After the First World War - Justi took an active part from 1914 to 1918 - he set up the New Department in the Kronprinzenpalais , which expanded the National Gallery for Modern Art and was considered the first and most important museum collection of its kind with a focus on Expressionism . In this function, Justi was involved in a long journalistic dispute about the program with Karl Scheffler , which went down in the cultural history of the Weimar period as the Berlin Museum War. From 1930 to 1933 he published the magazine Museum der Gegenwart , which claimed to be the mouthpiece for everyone interested in modern museum concepts, acquisitions, museum architecture and modern art in general.

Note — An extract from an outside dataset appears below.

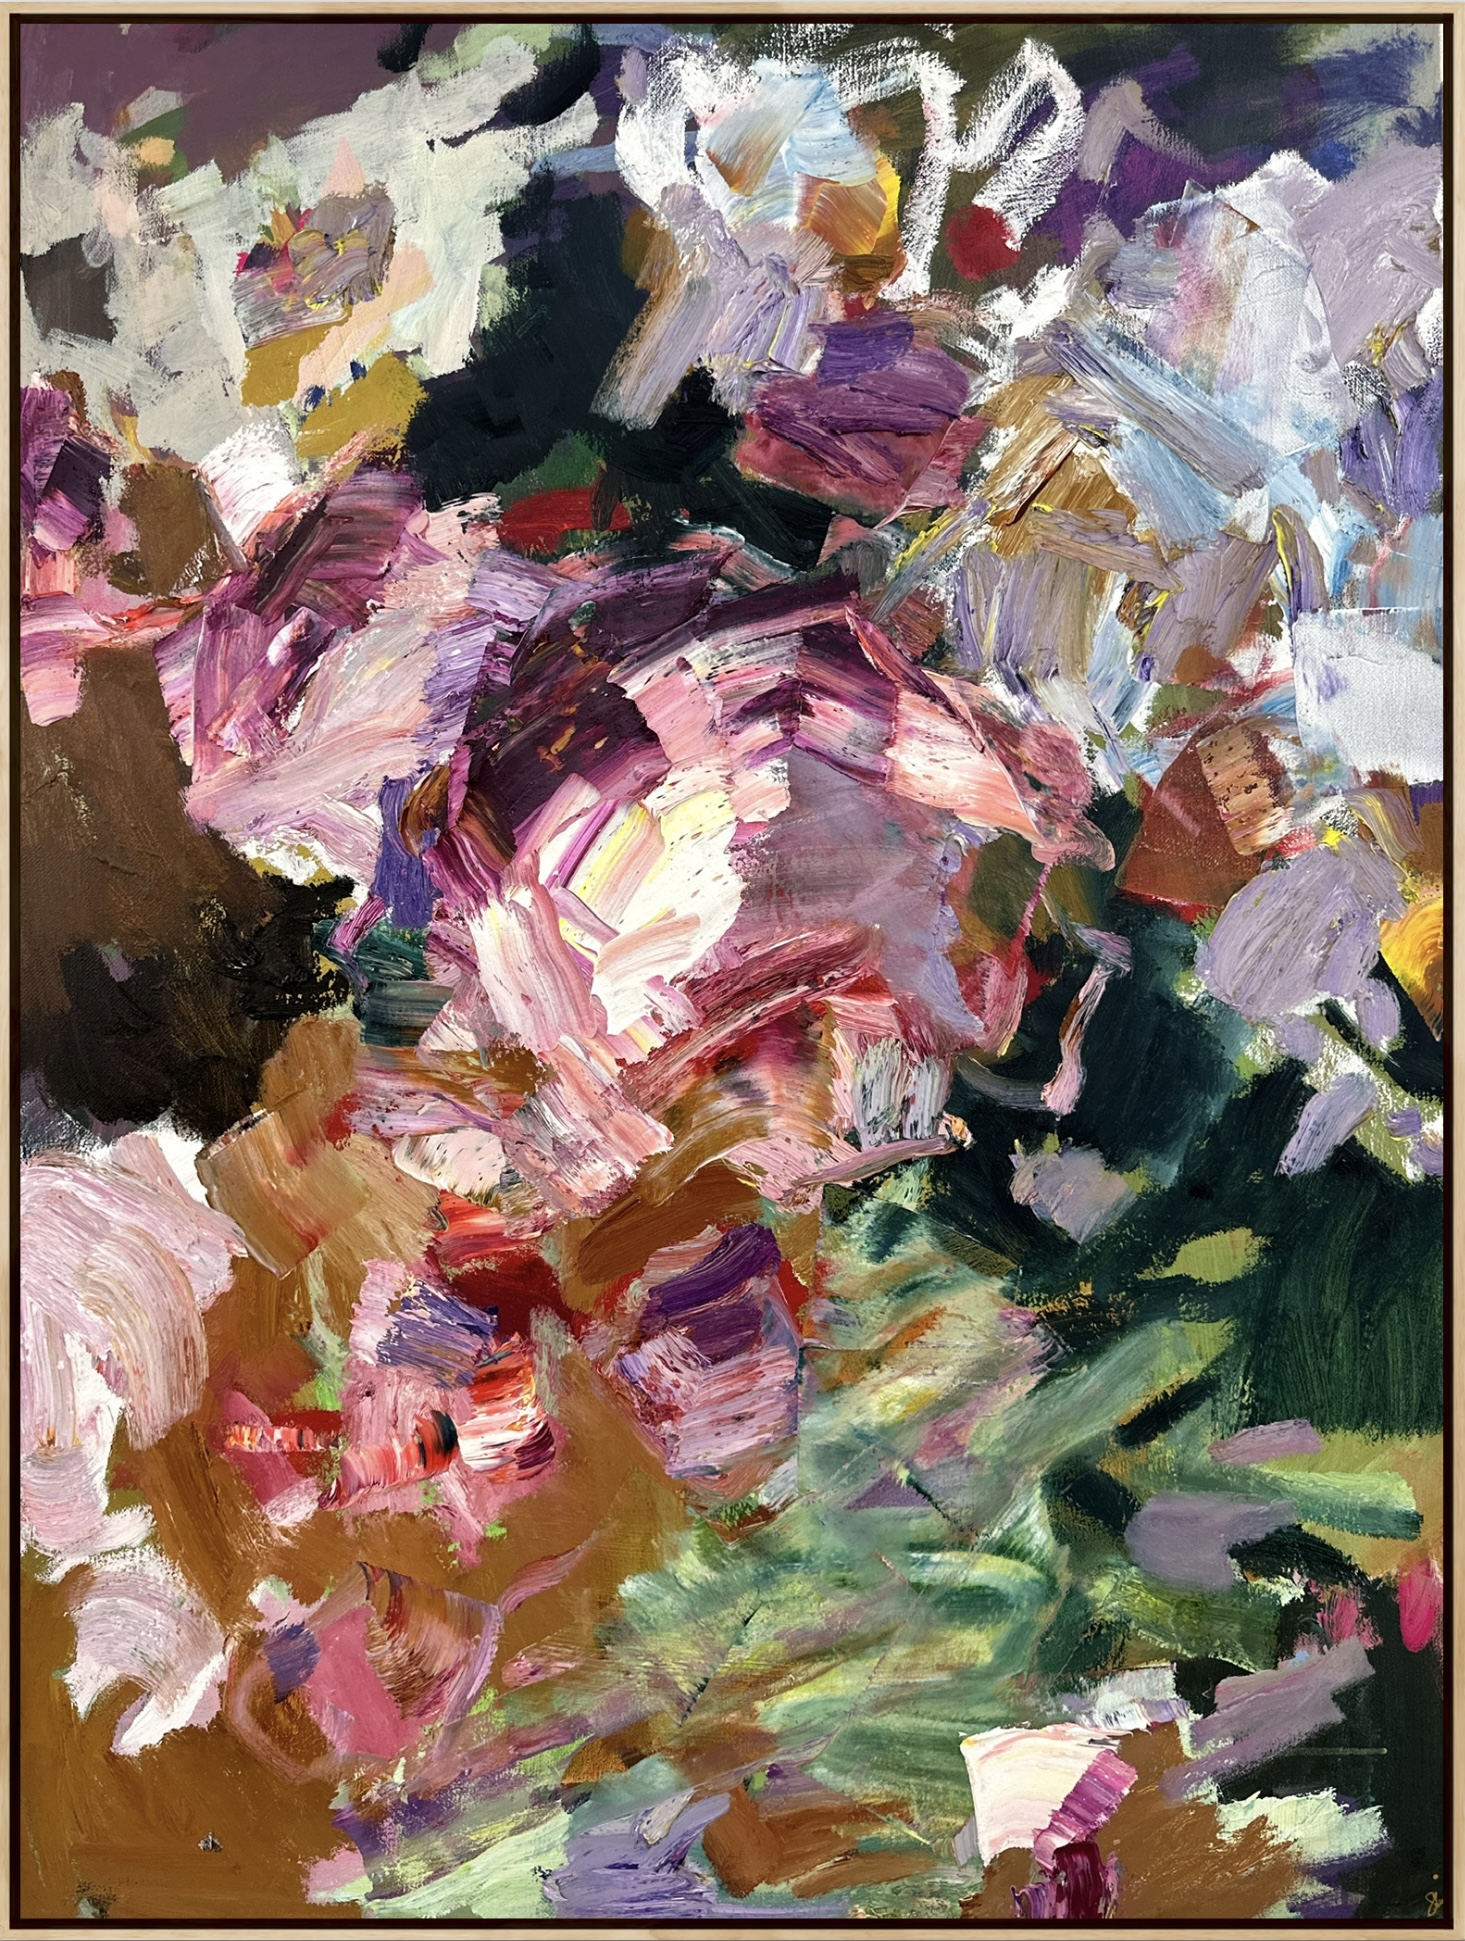 The-Allegory-Of-Flowers-Llewellyn-Skye-oil-and-acrylic-on-linen-126x95cm-framed-in-oak-6000jpg

After the seizure of power of the Nazis he was removed for political reasons 1933rd He refused early retirement and was demoted to curator , transferred to the art library and retired in 1941. However, he remained journalistic.

After the Second World War he tried to build on the tradition of the Kronprinzenpalais and was the driving force behind the establishment of a 20th century collection. The now 69-year-old Justi was appointed General Director of the Staatliche Museen zu Berlin in 1946. He initially wanted to fill the gaps in the area of ​​Expressionism by purchasing some major works, but this collided with trends that wanted to document current post-war art. All further efforts to rebuild his life's work became obsolete with the split of the magistrate in November 1948 and the establishment of the two German states in 1949. That is why the Galerie des 20. Century was founded a second time as a municipal gallery in West Berlin in 1949 and had to build up its inventory again. It went on in 1968 in the Neue Nationalgalerie . After the state museums split up, Justi remained director of the facilities in the eastern part of Berlin until his death in 1957, the later state museums in Berlin, the capital of the GDR , which in particular included the collections concentrated on Museum Island .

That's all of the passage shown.